At Prisma Cloud, we believe that visualizing these environments and modeling the relationships between the different objects in them is a key guiding principle for anyone interested in building the necessary capabilities to protect CI/CD ecosystems.
I decided to take the opportunity to share some insights around the elaborate task of engineering a solution that represents CI/CD in graphs, after having spent a year doing so.
Attackers are continuously focusing on hacking CI/CD systems. 2021 alone brought us — among many others — codecov, the npm coa/rc/ua-parser hijacking and the recent and highly disruptive log4j vulnerability.
Once an attacker gains a foothold within an organization’s CI/CD ecosystem, they will look to advance their position within, en route to eventually finding and exfiltrating valuable assets. To move within the ecosystem — for example, from source control management (SCM) to continuous integration (CI), or CI to an artifact repository — the attacker will strive to perceive a graph representation of the ecosystem, looking for the relationships between the different systems.
From the attacker’s perspective, the ecosystem is not a group of isolated and siloed systems but a graph of highly interconnected systems, which contrasts the traditional defender list mindset, where systems and assets are secured individually in a silo.
It’s my experience that both developers and security share similar concerns about the role that CI/CD plays in the organization’s attack surface. I vividly remember a moment in one of my previous companies where I became concerned with the inadequate visibility we had into our CI/CD ecosystem.
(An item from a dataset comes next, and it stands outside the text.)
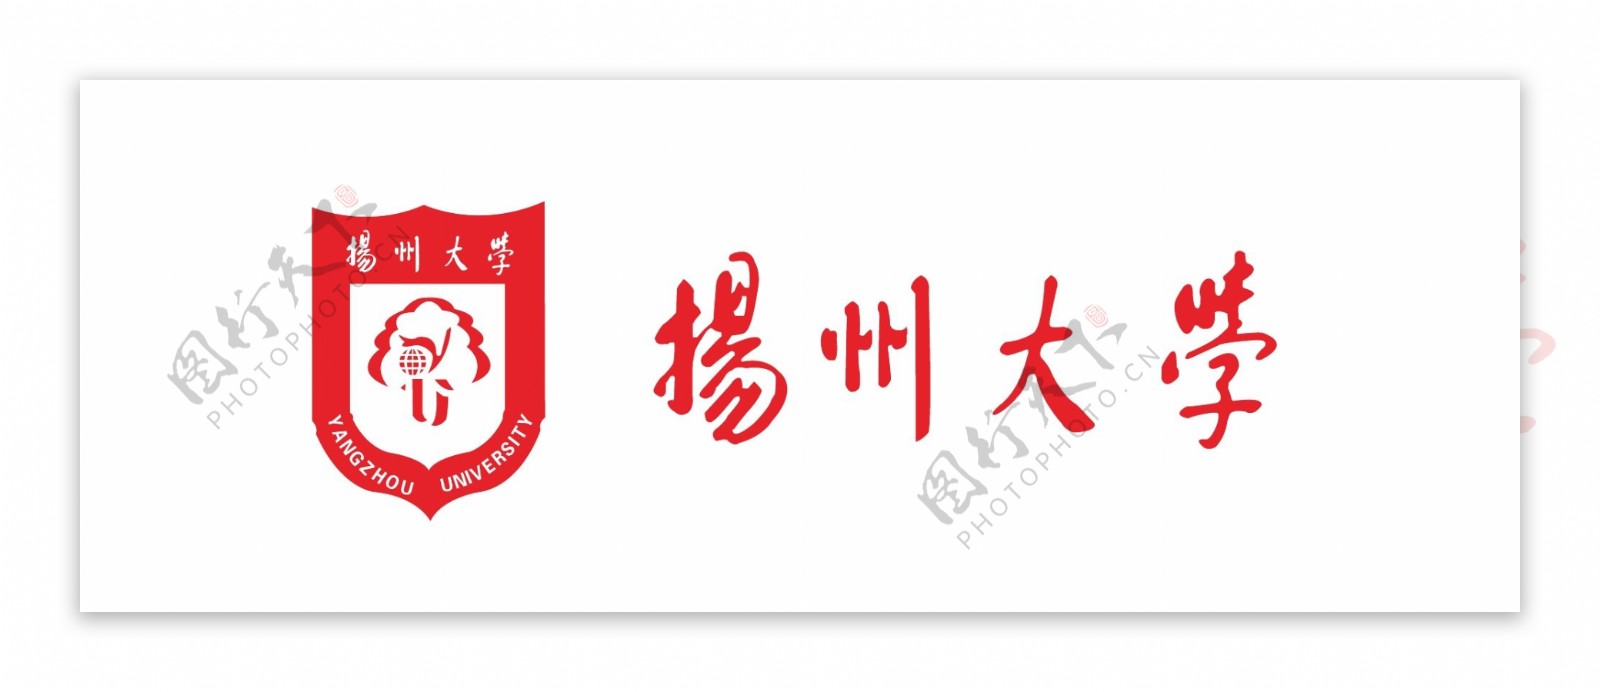 扬州大学logo图片
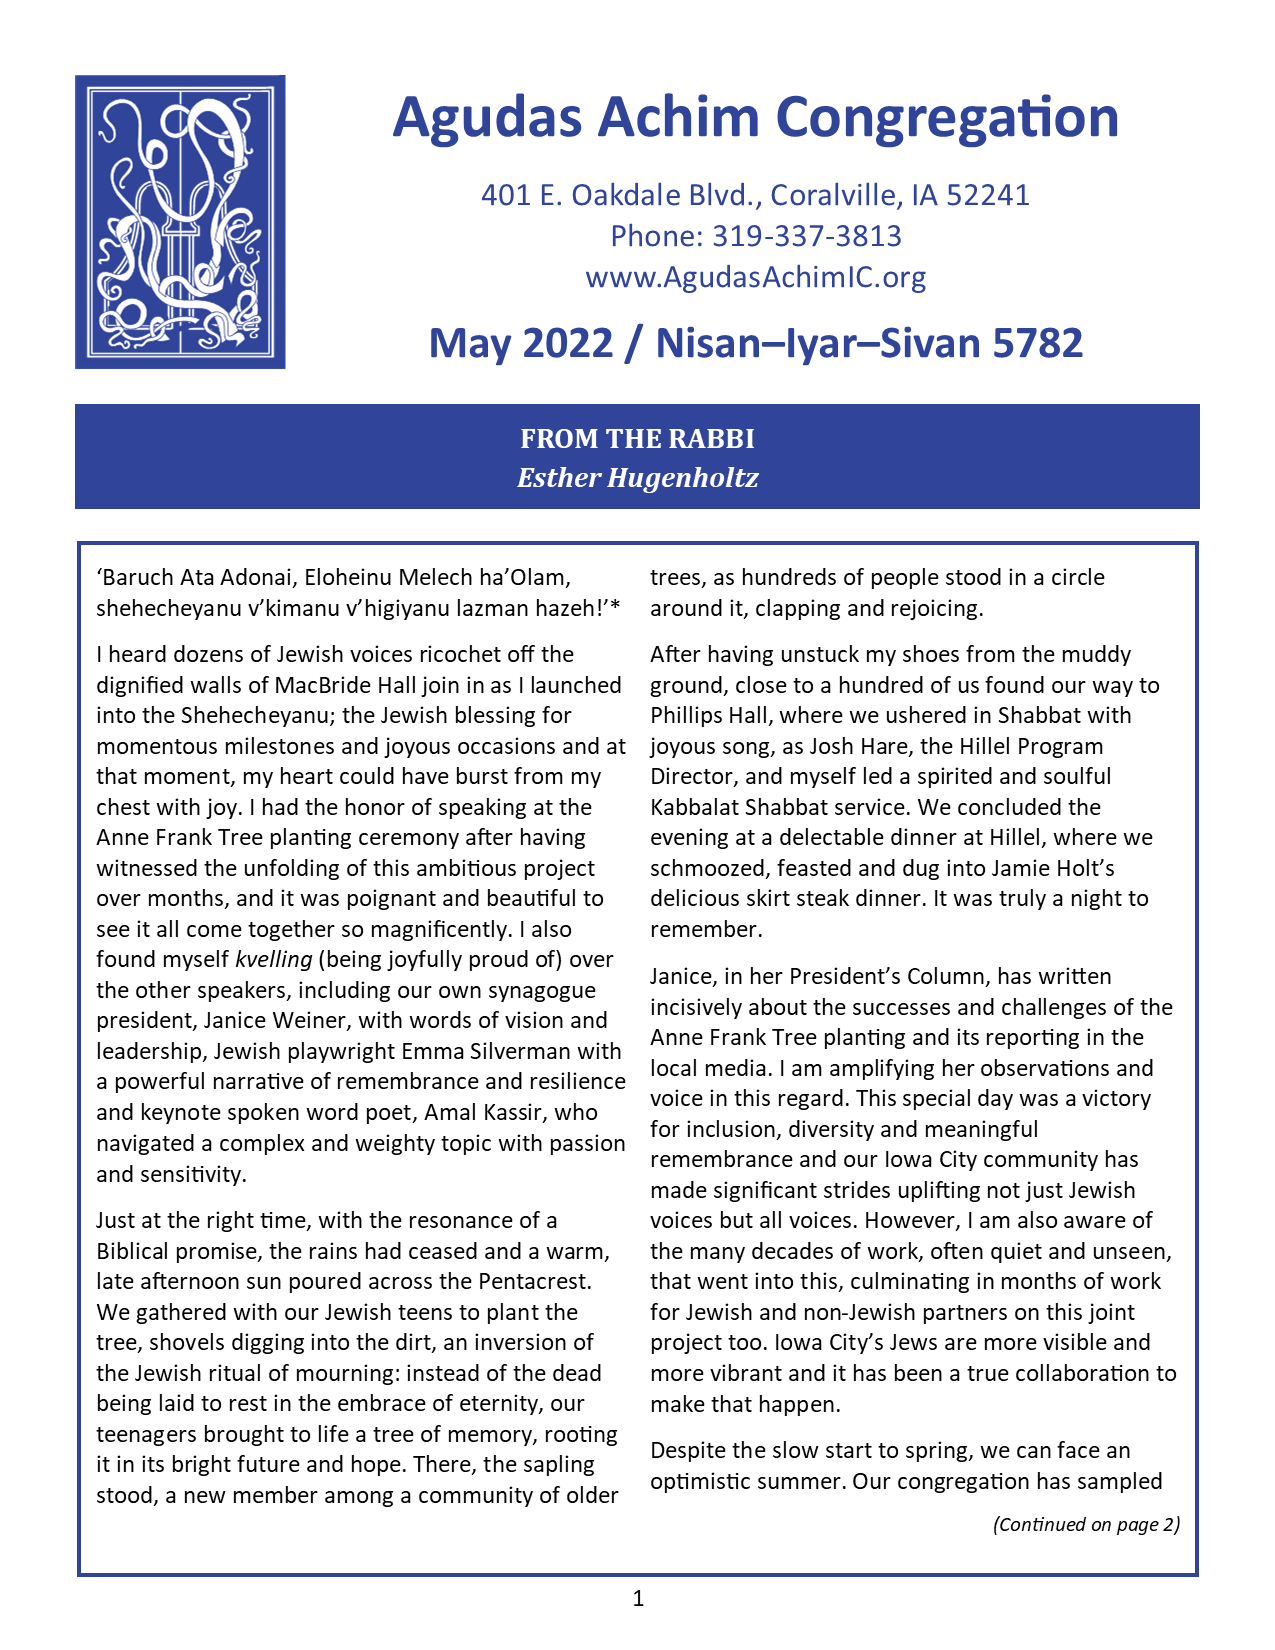 May 2022 Bulletin Cover

Ultimately, we had to deploy pipelines that had access to, and credentials of, the most sensitive environments storing our customers’ most lucrative data.
Even though this was the reality, I did not feel we understood the blast radius of a security breach in some of the systems, and whether or not, ultimately, the assets that our customers were entrusting us with — were safe.
At Prisma Cloud, we understand that to effectively and holistically secure CI/CD ecosystems, we must match the attacker’s perspective and think in graphs rather than lists.
Making this decision is the trivial part — modeling and engineering is where the challenge comes in.
CI/CD ecosystems are complex, typically consisting of multiple systems, where each system is often complex by its own merit. In addition, each type of system is usually offered by several different vendors — with both overlapping and distinct features and properties — and each system can often integrate with several other systems by more than one means.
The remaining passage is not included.